London, like any city in Southwestern Ontario, is surrounded by farmland. But how many of us know much about rural life and farming? We drive past vast stretches of developed crop land with hardly a thought. Actually, since most of our commuting takes place either right in the city or on the stretch of the 401 between London and Toronto, the chances are good that many of us have never even see a farm.

But so what? As long as the tiny percentage of people who actually work directly with fields, orchards and livestock keep doing what they are paid to do, who cares? They make money by working the tractors and operating the barns so they can buy the stuff made in the cities. And city dwellers who make money building toasters and retailing clothes buy the food farmers produce in the country. It all balances out.

Maybe. Or maybe not. Wendell Berry, a farmer, teacher and writer has for many years been saying that we are in peril for ignoring our land and our farms, especially our family farms.

The family farm, one that is intimately connected with the land, is a crucial source of the values that make human life possible.

If, like me, you have ever spent any time living on a family farm, living among family farmers or even just visiting a family farm, you might have a feeling for what this means. Berry, in his book, On Farming and Food (Counterpoint, 2009), explores the meaning of the family farm, what its success brings to all of us, and also what its failure would mean for us.

In one of the essays, “In Defense of the Family Farm,” Berry writes about the Christian Amish communities in North America. They are easily found. If you drive, say, north of Kitchener, you might see them working the fields by hand and using horse and buggy instead of cars.

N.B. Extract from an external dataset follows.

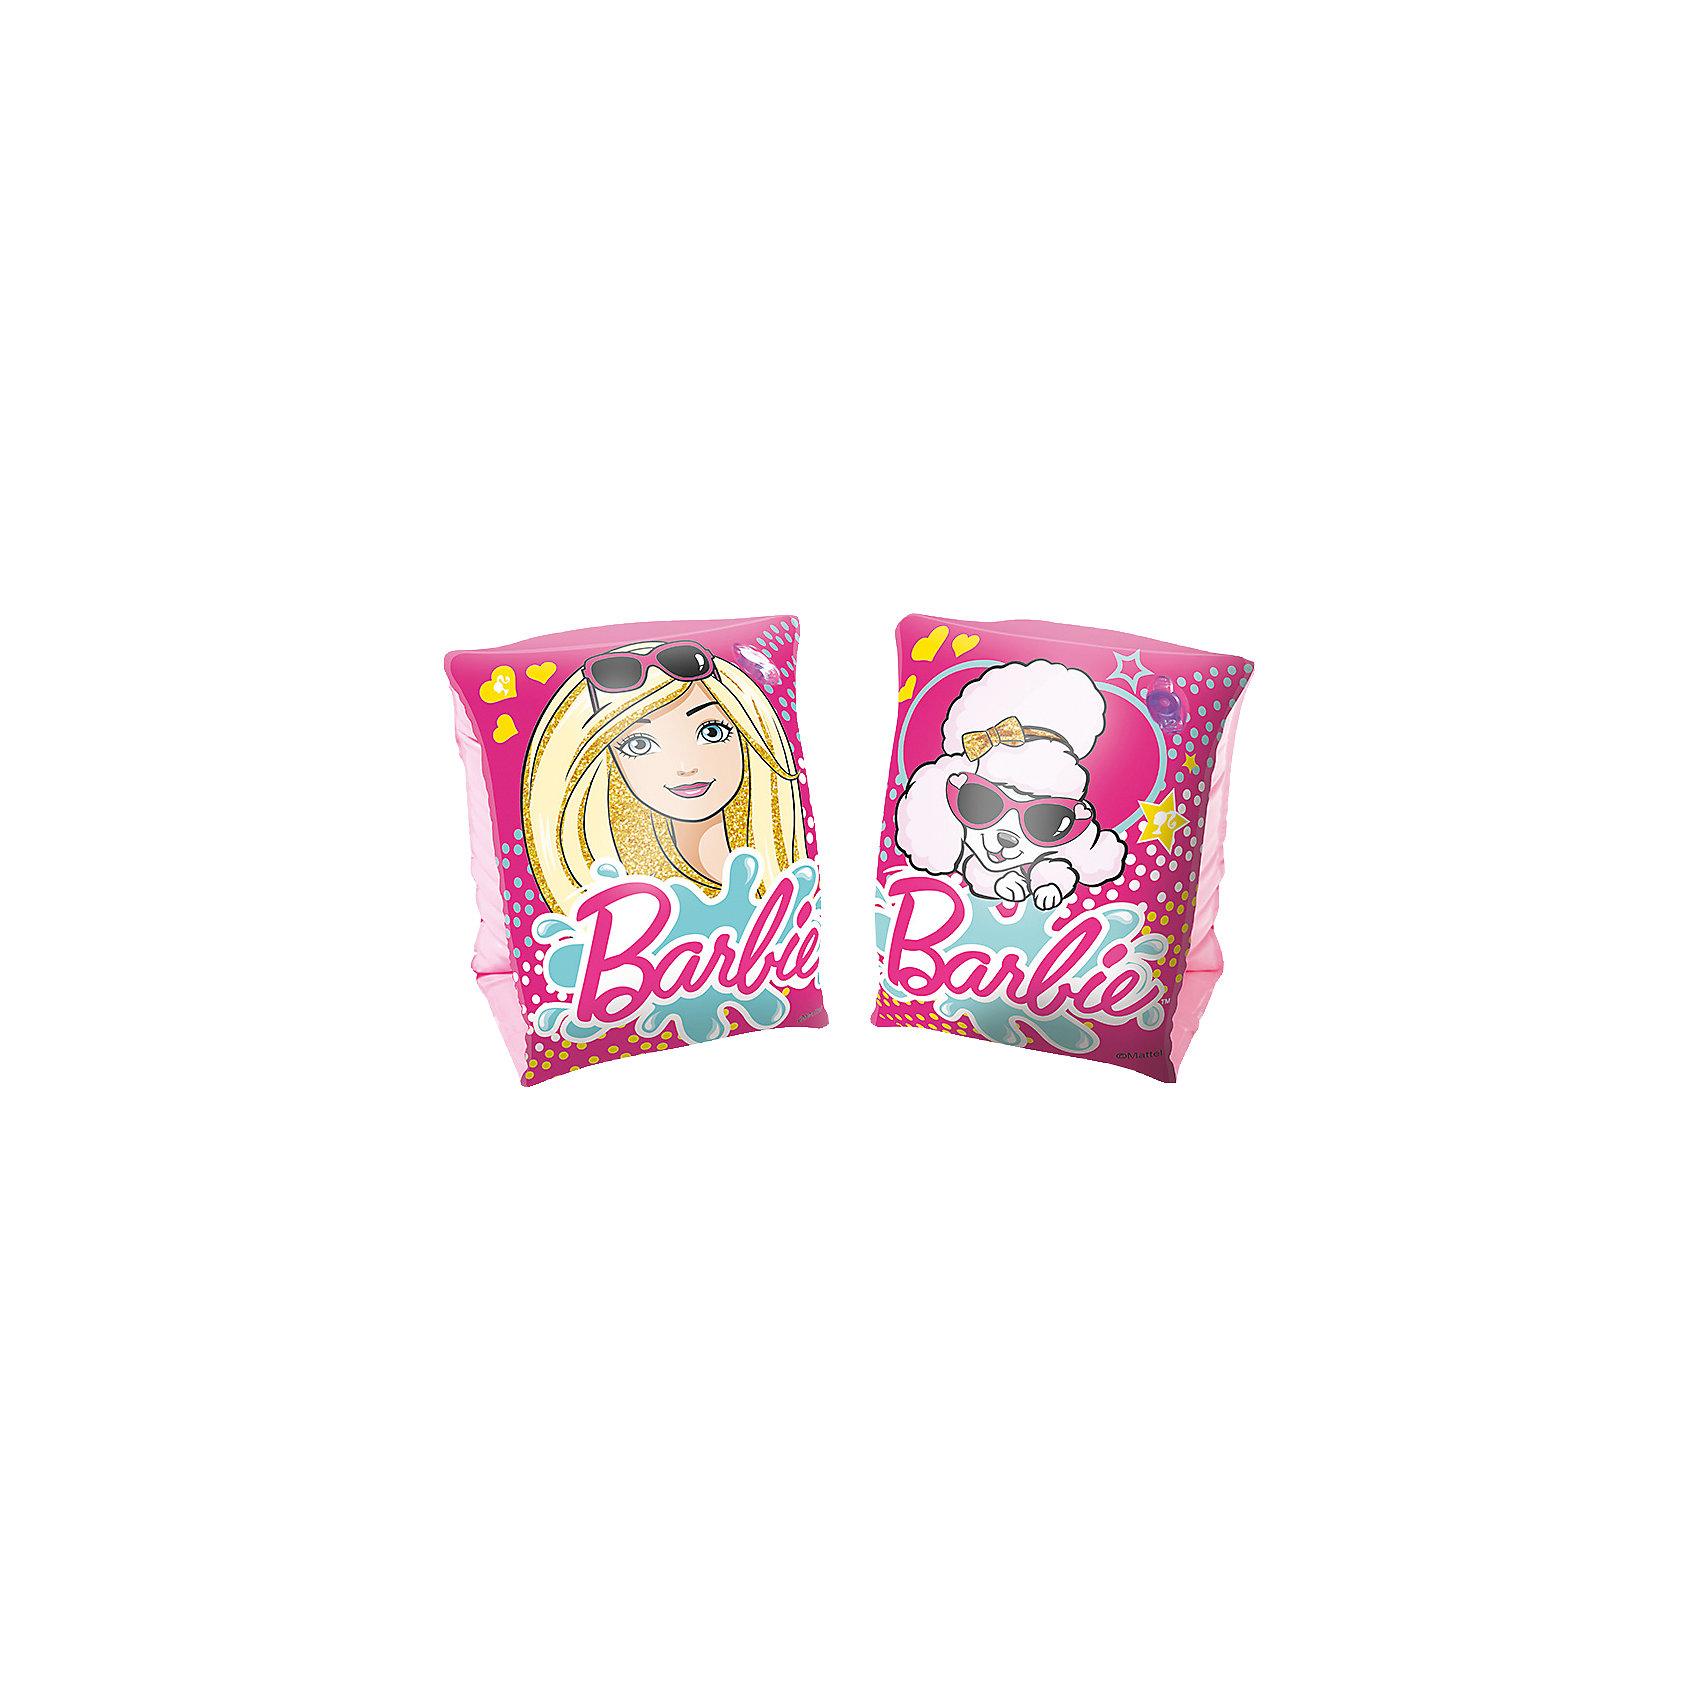 Нарукавники для плавания, Barbie, BestwayКруги и нарукавники<br>Характеристики товара:<br><br>• материал: полимер<br>• размер: 23х15 см<br>• легкий материал<br>• для начинающих плавать<br>• надувные<br>• яркие цвета<br>• хорошо заметны на воде<br>• возраст: от 3 до 6 лет<br>• страна бренда: США, Китай<br>• страна производства: Китай<br><br>Это отличный способ научить малышей плавать и обеспечить детям веселое времяпровождение! Нарукавники помогут ребенку больше двигаться и поддерживать хорошую физическую форму.<br><br>Предметы сделаны из прочного материала, но очень легкого - они отлично держатся на воде. Предметы легкие, их удобно брать с собой. Изделия произведены из качественных и безопасных для детей материалов.<br><br>Нарукавники для плавания, Barbie, от бренда Bestway (Бествей) можно купить в нашем интернет-магазине.<br><br>Ширина мм: 192<br>Глубина мм: 121<br>Высота мм: 30<br>Вес г: 108<br>Возраст от месяцев: 36<br>Возраст до месяцев: 96<br>Пол: Женский<br>Возраст: Детский<br>SKU: 4967573

Do slow down when you pass such a rig so the horses and the occupants in the buggy will know you are sharing the road safely with them.

Berry recommends what he calls eight “Amish Principles.” I more or less quote them here.

One, they preserve their families and communities.

Two, they maintain the practices of neighbourly living.

Three, they practice the art of kitchen and garden, household and homestead.

Four, they use technology, but are not afraid to limit its use. They resist allowing technology to displace or alienate the human labour already available in the community. And they do not throw aside the free sources of power available from the sun, the wind, waterways and so on that come with their land.

Five, they create farms of a scale that are compatible with both the practice of neighbourhood and the optimum use of lowpower technology.

Six, because of these practices, they keep their costs down. Therefore, they are not forever indebted to banks, nor are they at the mercy of national and international agribusiness.

Seven, they educate their children to live at home and serve their communities.

Eight, they esteem farming as a spiritual discipline as well as a practical art. In fact, those two dimensions are inseparable.

I would add a ninth principle that is clearly at home in these first eight. Frugality. To throw away nothing. And a concluding story: For a time my father farmed. The barn he used was not the best. But within a few months he had it ready for livestock. One of the things he did was take an old pile of planks and make a second storey.

But here's the most interesting part. The planks were full of nails. Many people today, rather than deal with old planks filled with rusty nails, would throw out such material and buy new lumber and nails from the building supply centre. But my father and I took those planks and pulled out the nails. Each of those nails was precious to him. He had me take those nails, one by one and hold them carefully on the concrete floor. I hit them with a hammer, straightening out every bend, and putting the recycled nails in a jar. Almost all were salvageable. They held that barn together for a long time.

I learned more about what makes an economy healthy from that small farm exercise than I have learned from all the professional economists I have read quoted in our media over many years.